A letter from Save Sharda Committee Kashmir was placed before the the chief Justice of Azad Jammu and Kashmir on 02 Jan 2018. The Hon’ble Supreme Court directed that in the cases reported as Rehmat Ullah Khan and 3 others Vrs, Azad Government and 3 others (2014 SCR 1358) and Azad Government and 5 others Vrs Ghulam Nabi Shah (2015 SCR 816) the Hon’ble court has been pleased to issue direction to the State Authorities for protection of the Religious Places and Symbols such as Temples and Gurdwaras etc. The Hon’ble Chief Justice appreciating the efforts of the committee for humanity remarked that the committee shall not confine itself only to restoration of the places relating to a specific religion but also shall focus on restoration and protection of the Holy places and symbols of the other Religions. It is, an established and recorded account that Guru Hargobind Sahib travelled to Jammu and Kashmir on Mughal Road. He entered through Mirpur (Chaprahar, Galoti, Garanti, Wazirabad, Mirpur , Nowshera, Rajouri, Shopian, Khanpur Saran, Srinagar, Baramulla, Kalampora, Paran Peelan , Dulanja, Nilochi Muzzaffarabad, Abbottabad, Hasan Abdal, Gujrat, Hafizabad and Nankana Sahib). Whereas, magnificent Gurdwaras have been built in Jammu and Kashmir commemorating Guru’s visit, the state of Gurdwaras in PoK {Gurdwara Tali Sahib & Gurusar (Chaprahar near Sialkot village Rehsma), Gurdwara Kotha Sahib (Wazirabad) and Gurdwara Chevin Patshai (Muzaffarabad)} is a matter of concern.
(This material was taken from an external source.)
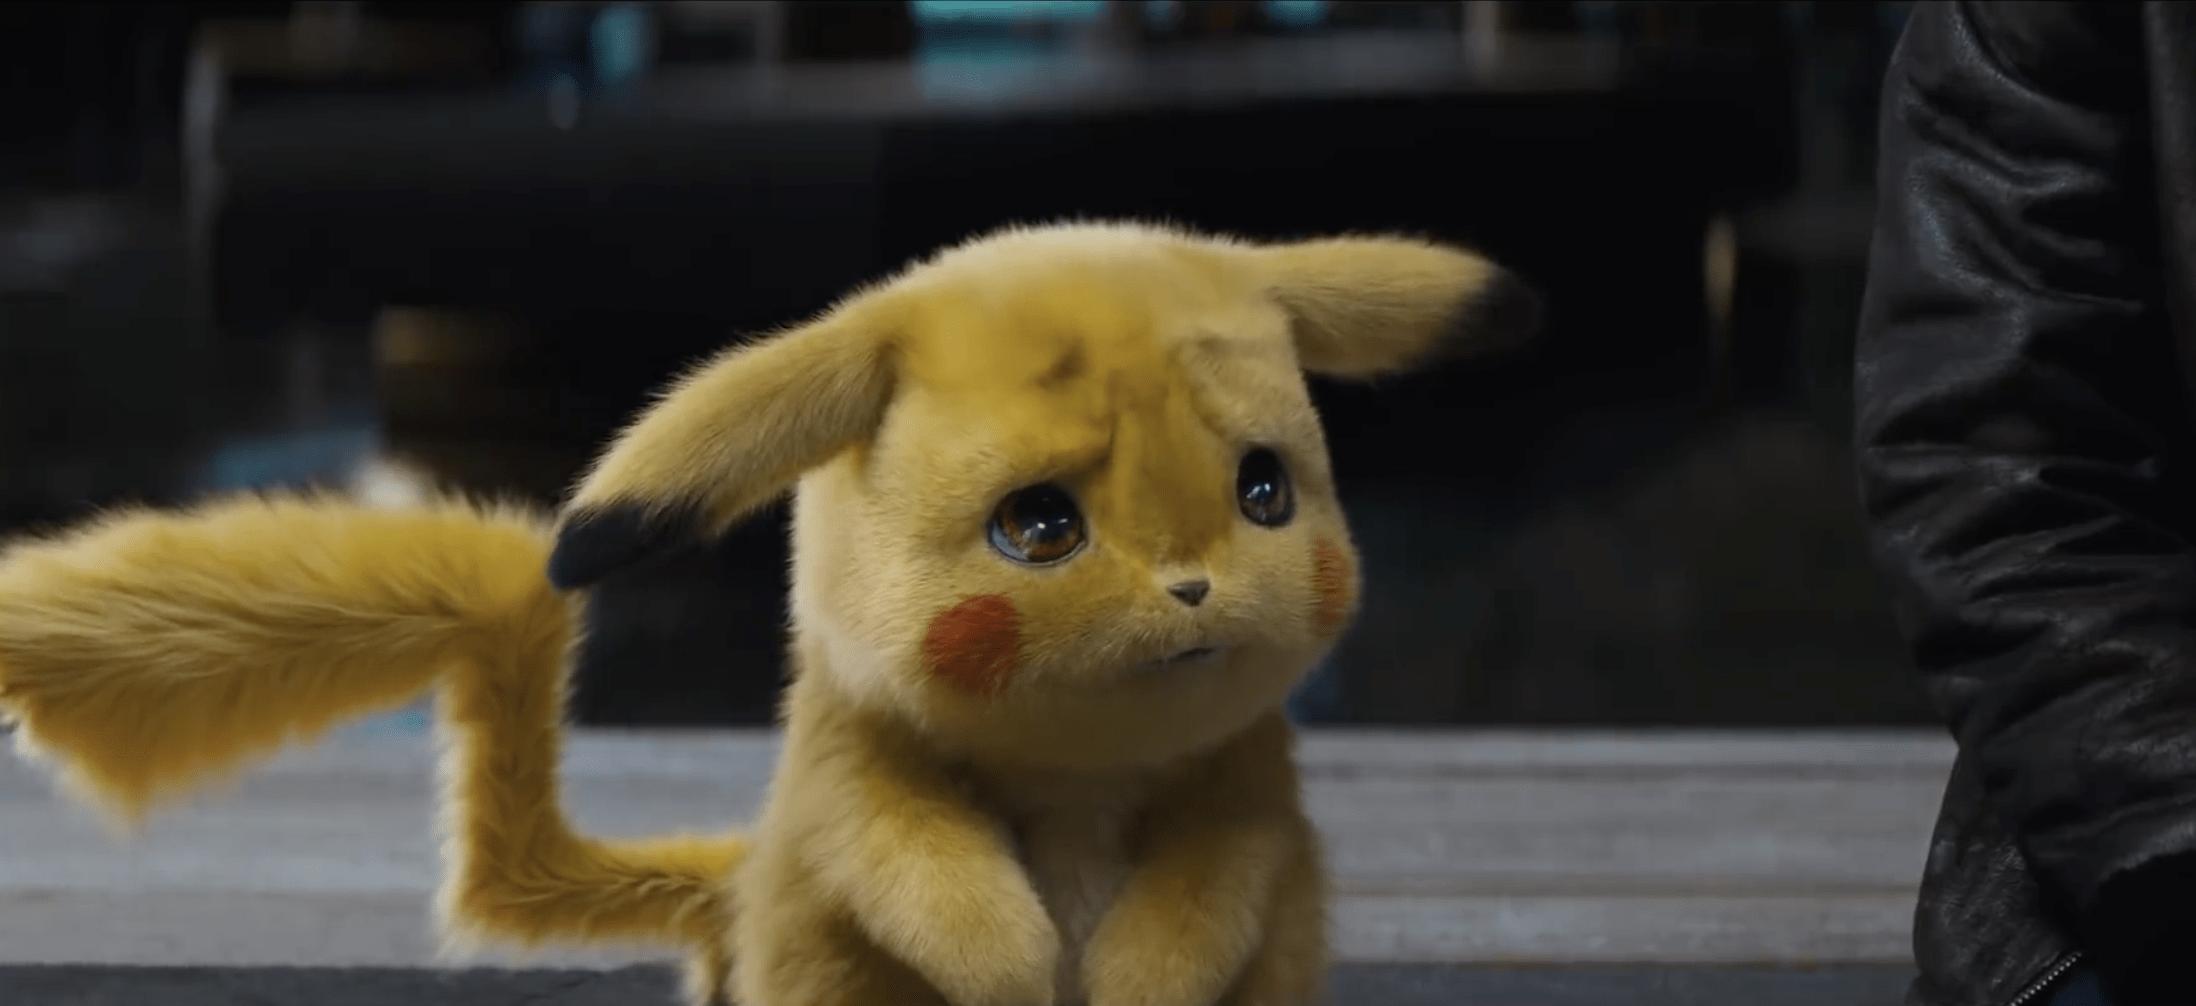 Detective Pikachu Wallpapers Top Free Detective Pikachu

The efforts taken by the Save Sharda Committee Kashmir (regd) for the cause of protection, upkeep and opening the Sharda temple for pilgrimage are laudable. The response of the civil society from PoK too has been very encouraging. The Committee has put forward the request at the centre as well as state level including the Chief Minister of Jammu and Kashmir seeking amendment to LoC Permit. An interesting aspect of the LoC permit is that it is issued only to Jammu and Kashmir residents who want to visit their relatives living across the LoC for valid reasons (such as attending weddings ceremonies). It is annoying and frustrating that Domicile of Jammu and Kashmir cannot visit their own historical places of worship that exist on their land.

The scenario around the world is fast changing and a military conflict is not the solution to resolve disputes. Confidence building measures like people to people contact, religious and heritage tourism, building interfaith bridges are the only solution to live in peace and harmony. Once we are ready to understand that, whatever our differences we are human in the first place, only then we will be able to work on a collective response that puts humanity first. There is a need to think of ways and means that would not set geographical barriers but would be open to all based on a shared vision and common values. The power of local initiatives could throw up alternatives. I hope that the Government of Jammu and Kashmir has taken note of the concerns and request of the Save Sharda Committee and initiated the process to enable pilgrimage to Sharda in the month of August as a first step. The people of all faiths of Jammu and Kashmir need to support this noble cause. It is the people of Jammu and Kashmir who can make it happen.